▶ _Task instructions_:
Retype, word for word, the line holding "大井町駅からしながわ水族館行きのバス時刻表" and every line below it to the end of the listing. Leave out the pictures.

▶ _Data provided_:
>>>

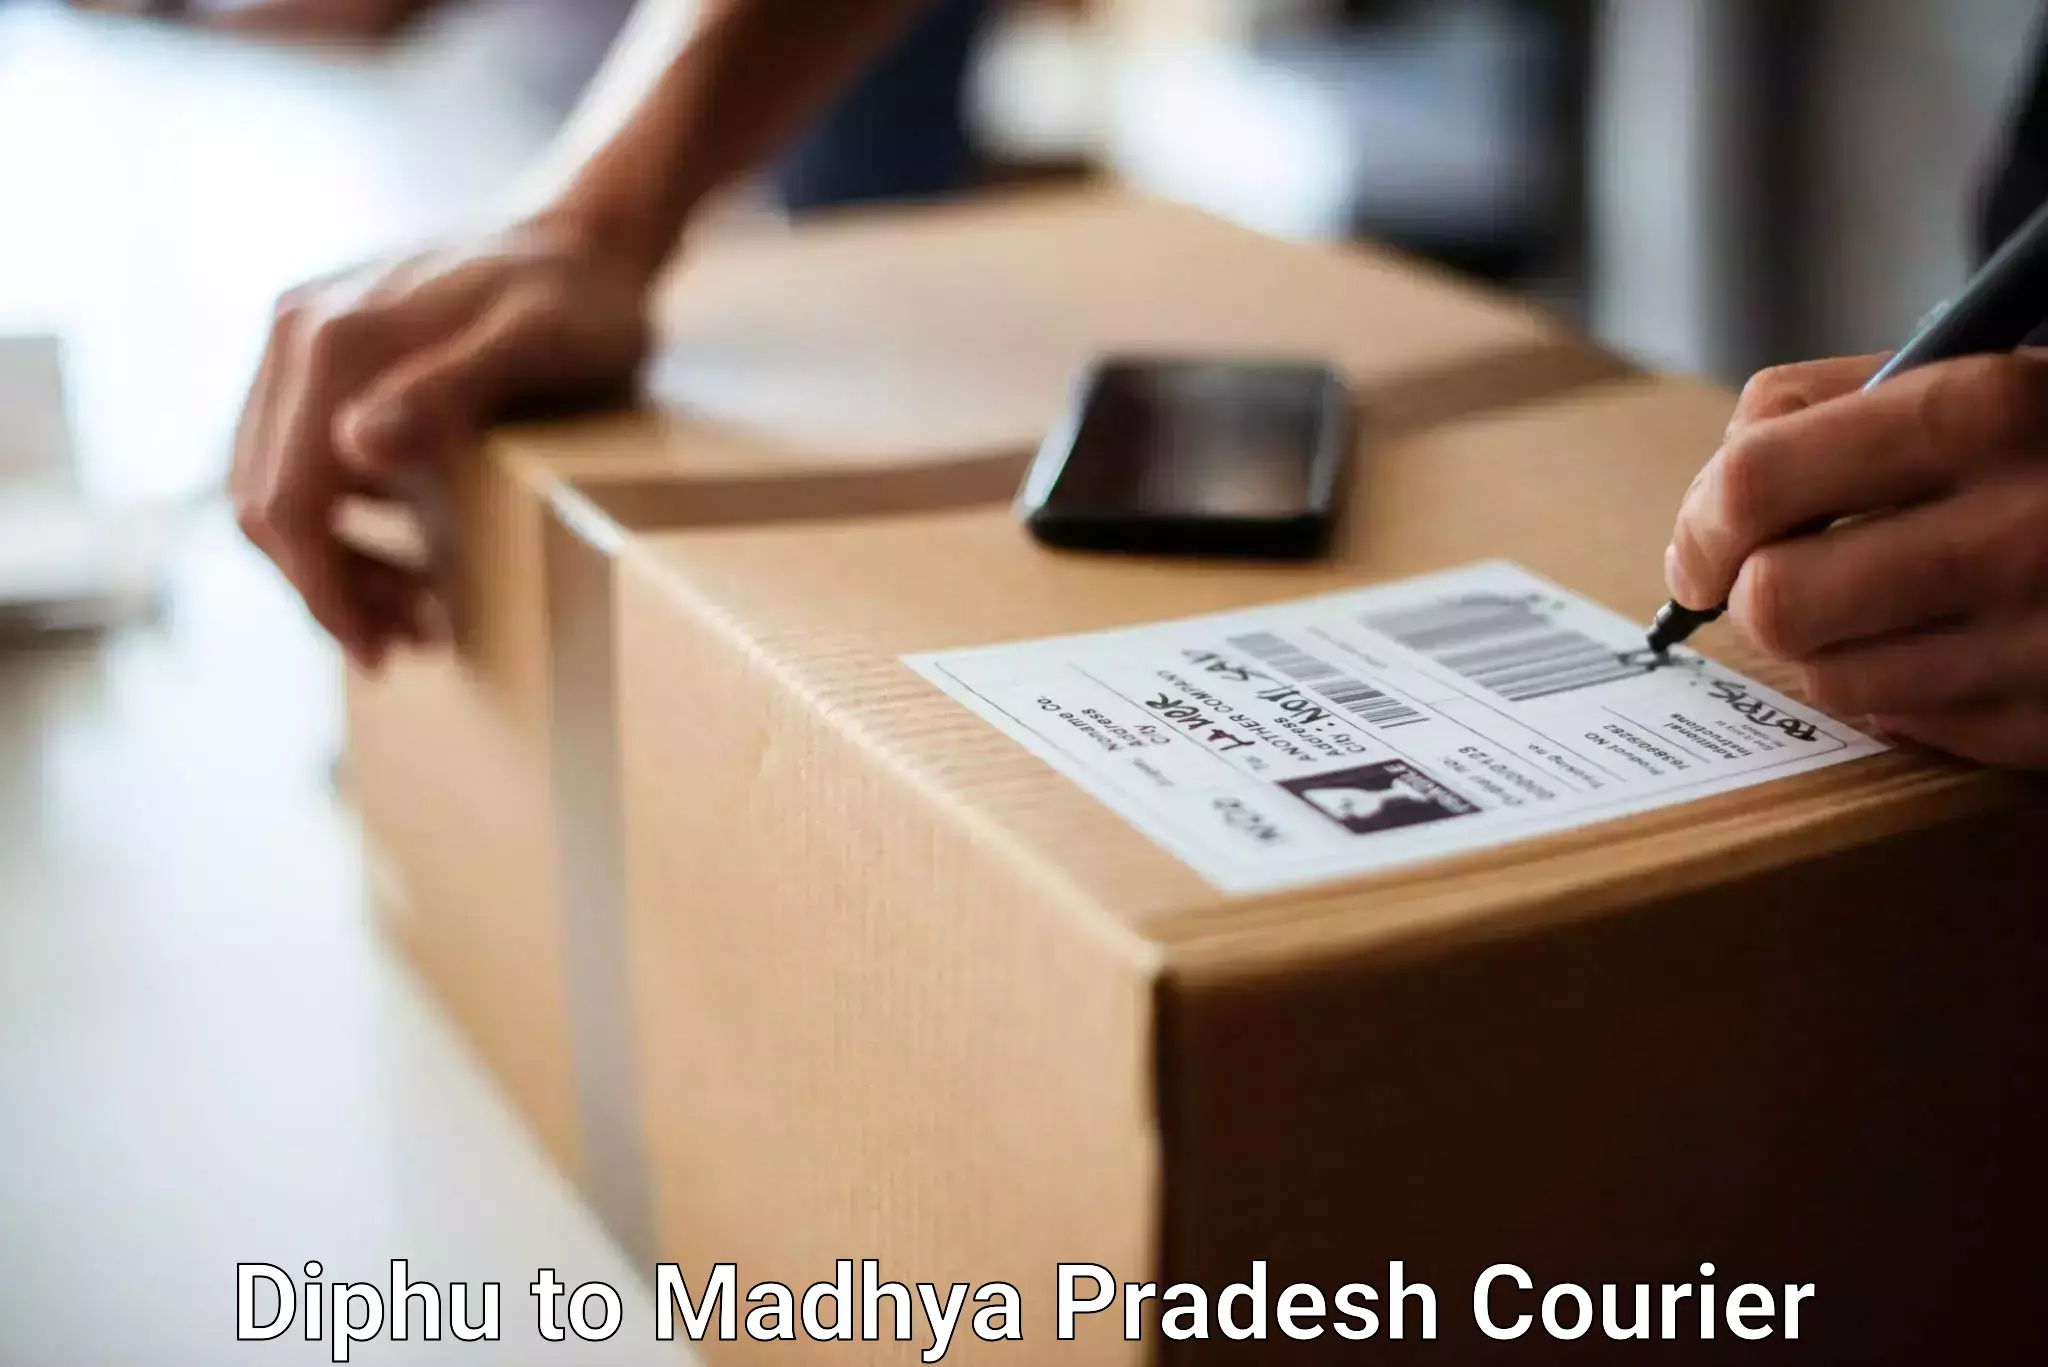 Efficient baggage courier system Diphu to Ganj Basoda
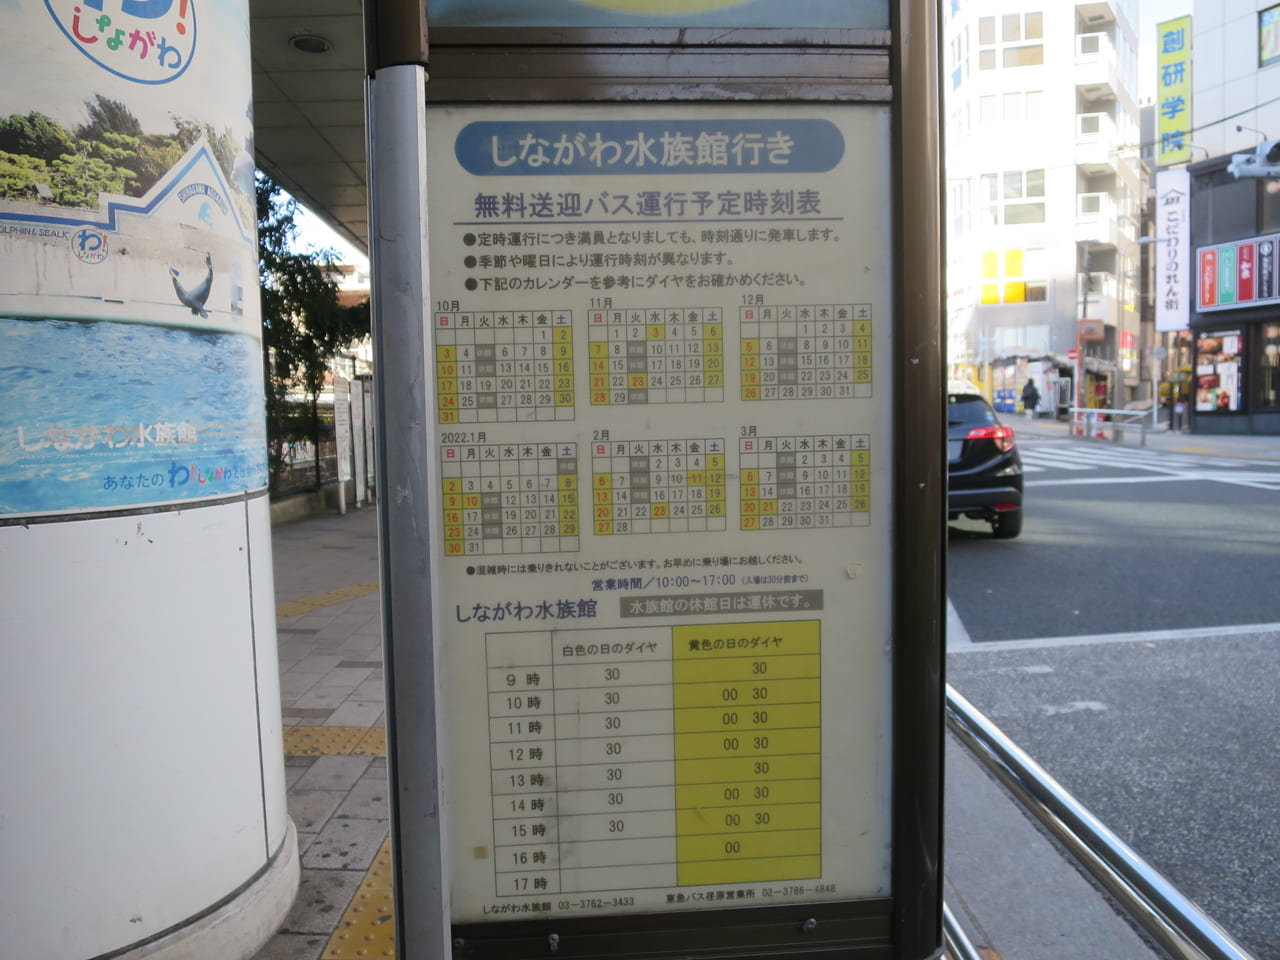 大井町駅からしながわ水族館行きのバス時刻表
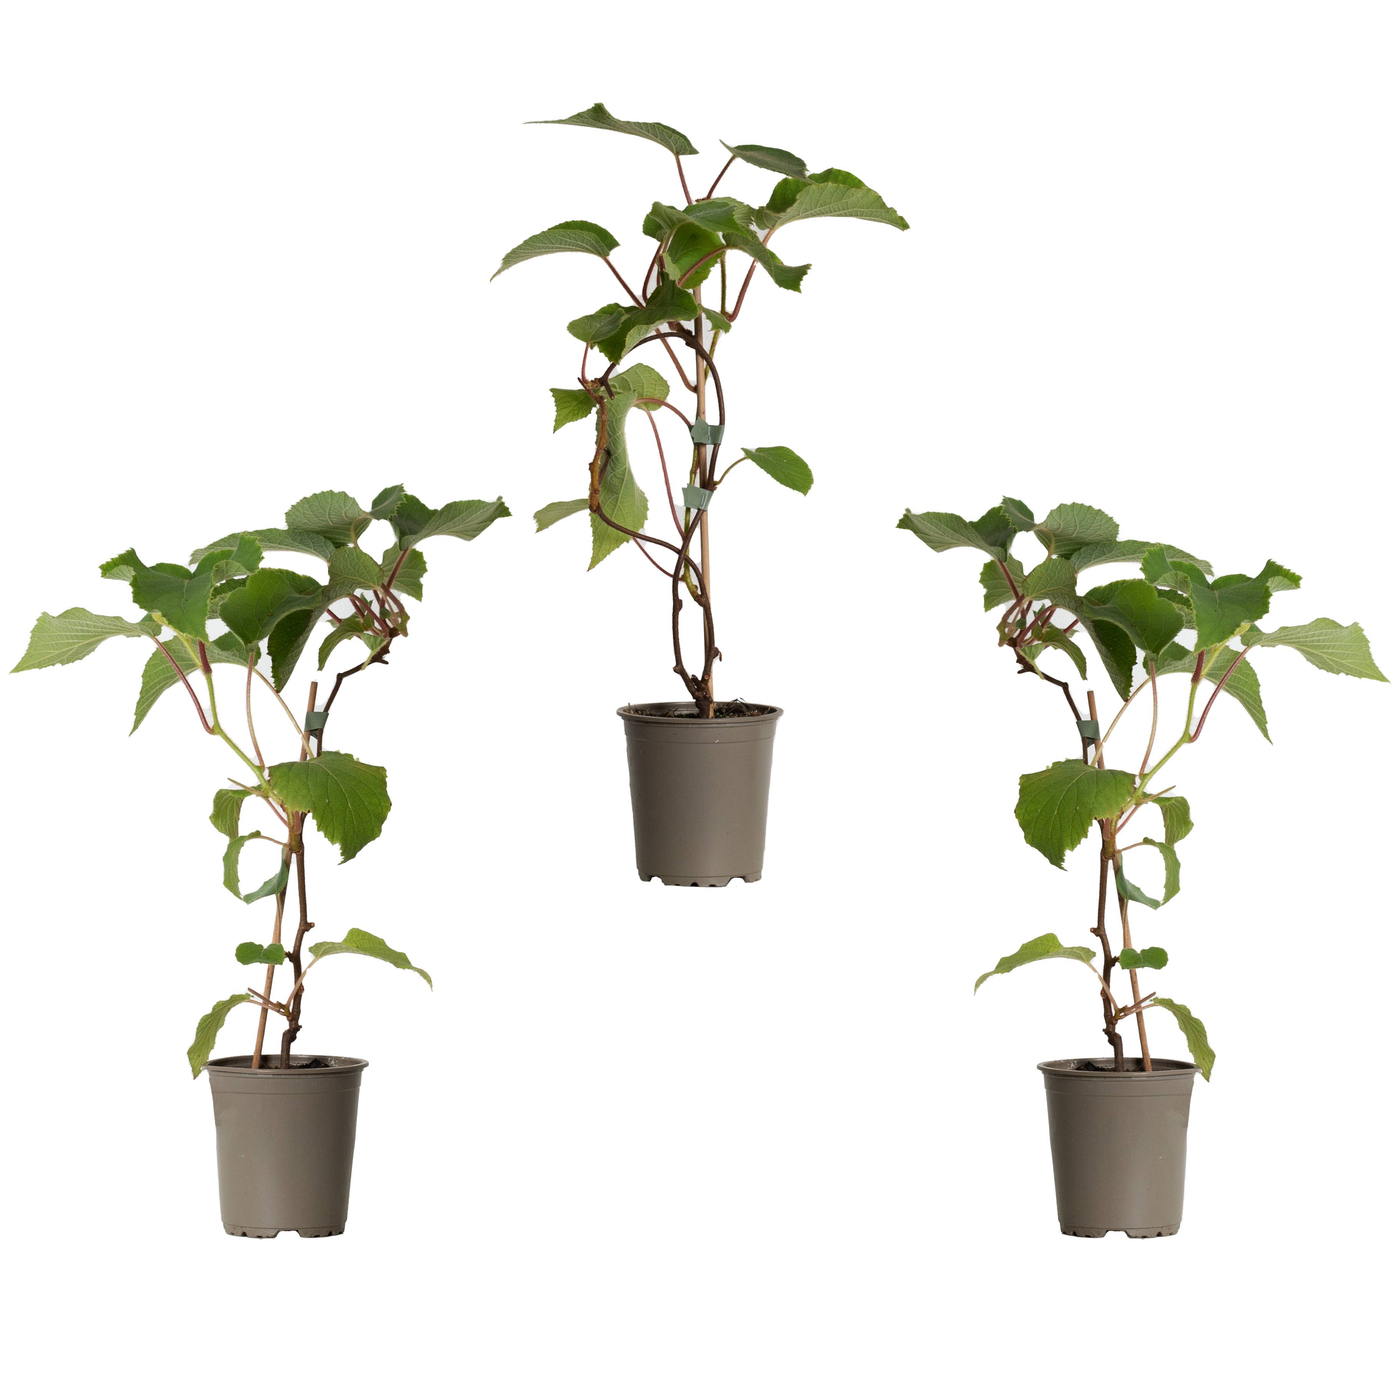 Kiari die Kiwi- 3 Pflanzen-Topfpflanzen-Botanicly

<<<

▶ _Solution for this problem_:
 大井町駅からしながわ水族館行きのバス時刻表
 Kiari die Kiwi- 3 Pflanzen-Topfpflanzen-Botanicly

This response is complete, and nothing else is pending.